Happy-LLM ROCm Training Route

Original Project Chapter Overview
Happy-LLM's complete tutorial consists of 7 chapters + 1 extra chapter, divided into Fundamentals and Hands-on Practice:
📘 Fundamentals (Chapters 1-4)
The following chapters cover theoretical knowledge without GPU training. You can study them directly from the original project; this module does not modify them.
| Chapter | Content | Link |
|---|---|---|
| Chapter 1 — NLP Fundamentals | NLP development history, task classification, text representation evolution (from Bag-of-Words to Word2Vec) | Original Chapter 1 |
| Chapter 2 — Transformer Architecture | Attention mechanism principles, Encoder-Decoder structure, step-by-step Transformer implementation | Original Chapter 2 |
| Chapter 3 — Pre-trained Language Models | BERT / T5 / GPT architecture comparison, pre-training paradigm evolution | Original Chapter 3 |
| Chapter 4 — Large Language Models | LLM definition, training strategies (Pre-training → SFT → RLHF), emergent abilities analysis | Original Chapter 4 |
🛠️ Hands-on Practice (Chapters 5-7)
Chapters 5 and 6 have been adapted for AMD ROCm and can be run directly in this module. Chapter 7 covers general application knowledge and can be found in the original project.
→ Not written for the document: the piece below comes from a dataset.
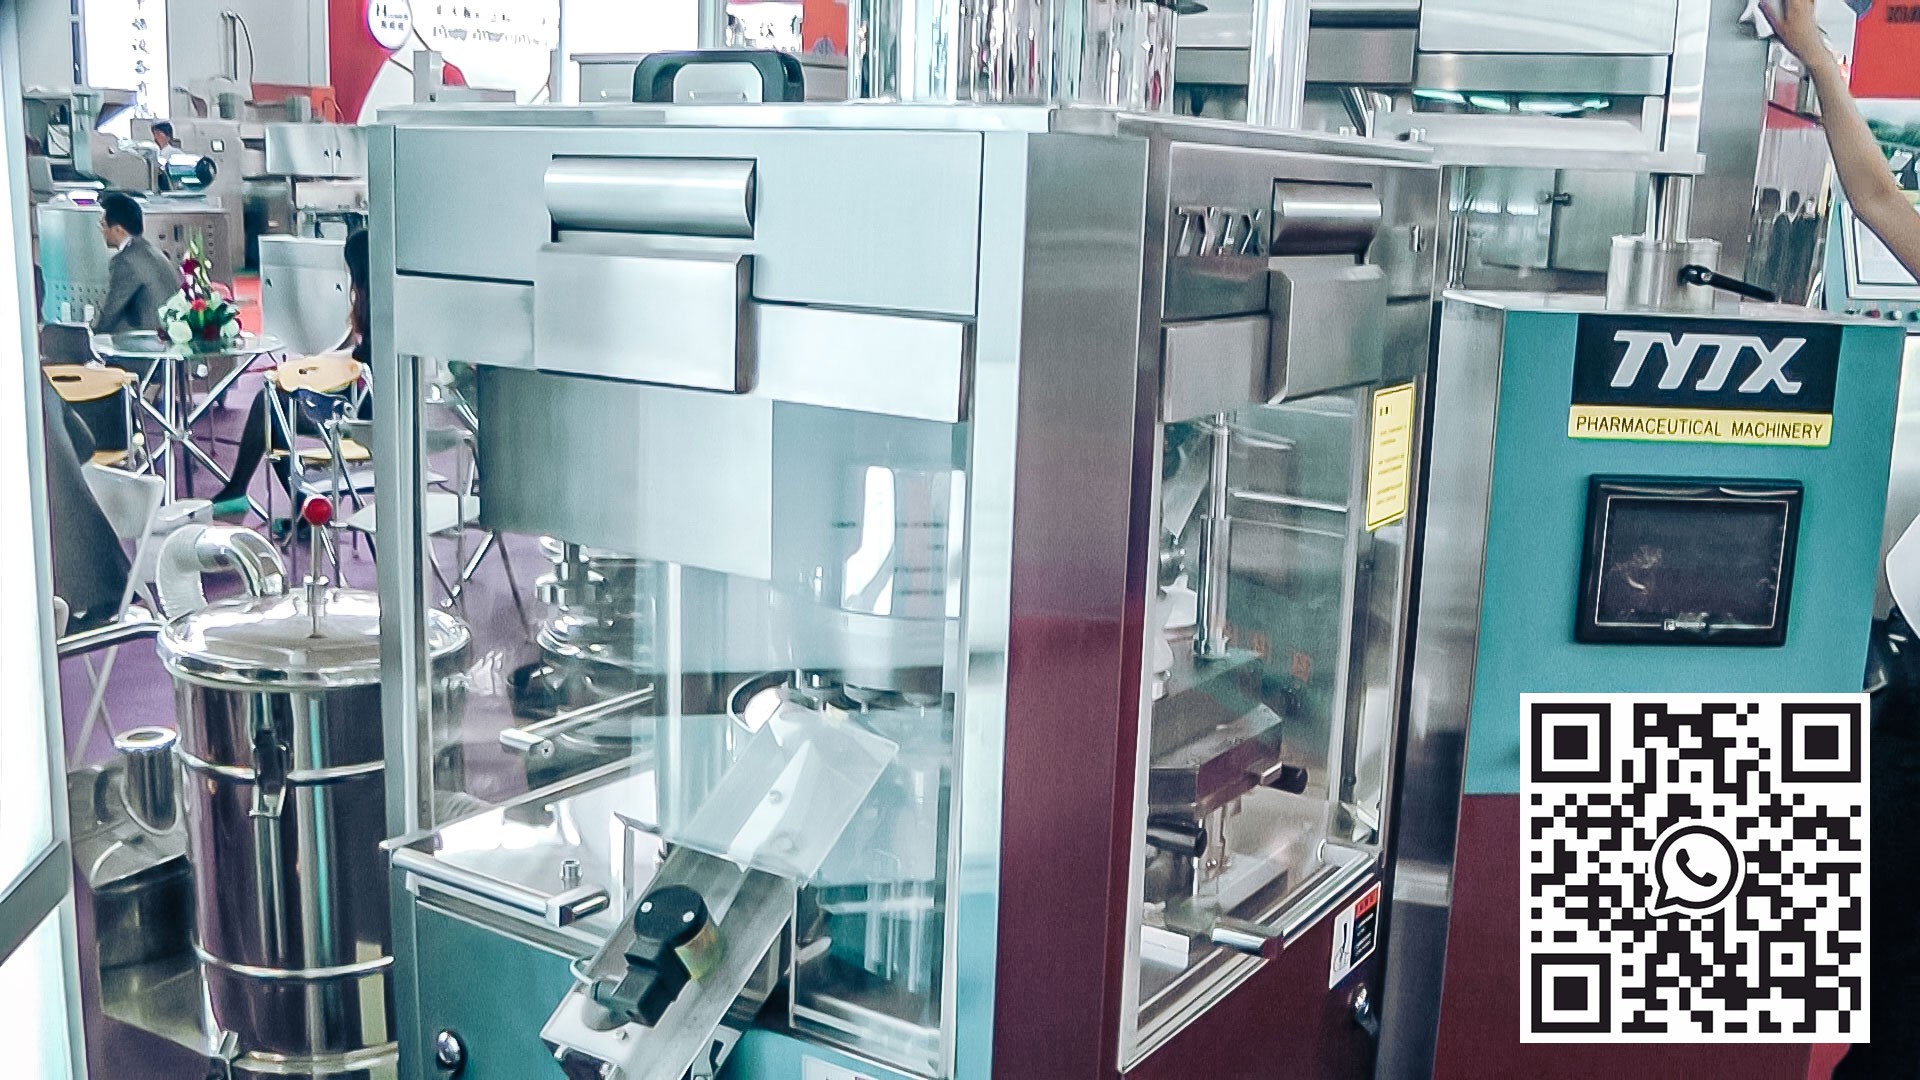 Equipo automático para la producción de comprimidos y desempolvado en la producción farmacéutica europea

| Chapter | Content | This Module Status |
|---|---|---|
| Chapter 5 — Building LLMs from Scratch 🟢 | Pure PyTorch implementation of LLaMA2 (80M parameters), pre-training + SFT fine-tuning | ✅ ROCm Adapted |
| Chapter 6 — LLM Training Workflow Practice 🟢 | Transformers + DeepSpeed framework, production-grade pre-training and SFT workflow | ✅ ROCm Adapted |
| Chapter 7 — LLM Applications | Model evaluation, RAG retrieval-augmented generation, Agent | Original Chapter 7 |
| Extra Chapter — LLM Blog | Community-contributed excellent LLM learning notes | Extra Chapter |
💡 Learning Path Recommendation: If you are new to LLMs, we recommend following the order 1 → 2 → 3 → 4 → 5 → 6. Read chapters 1-4 in the original project, then return to this module for hands-on work with chapters 5-6. Experienced developers can skip chapters 1-4 and proceed directly to chapter 5.
Chapter Navigation
📚 Chapter 5: Building Large Language Models from Scratch
Implement the LLaMA2 model with 80 million parameters entirely in pure PyTorch from zero, completing pre-training and SFT fine-tuning on AMD ROCm without relying on any training framework.
📖 Chapter Tutorial | 🚀 Execution Process and Script Instructions
🔧 Chapter 6: Large Language Model Training Workflow in Practice
Based on the Transformers + DeepSpeed framework, reproduce production-grade pre-training and SFT workflows with support for AMD ROCm multi-card distributed training and ZeRO optimization.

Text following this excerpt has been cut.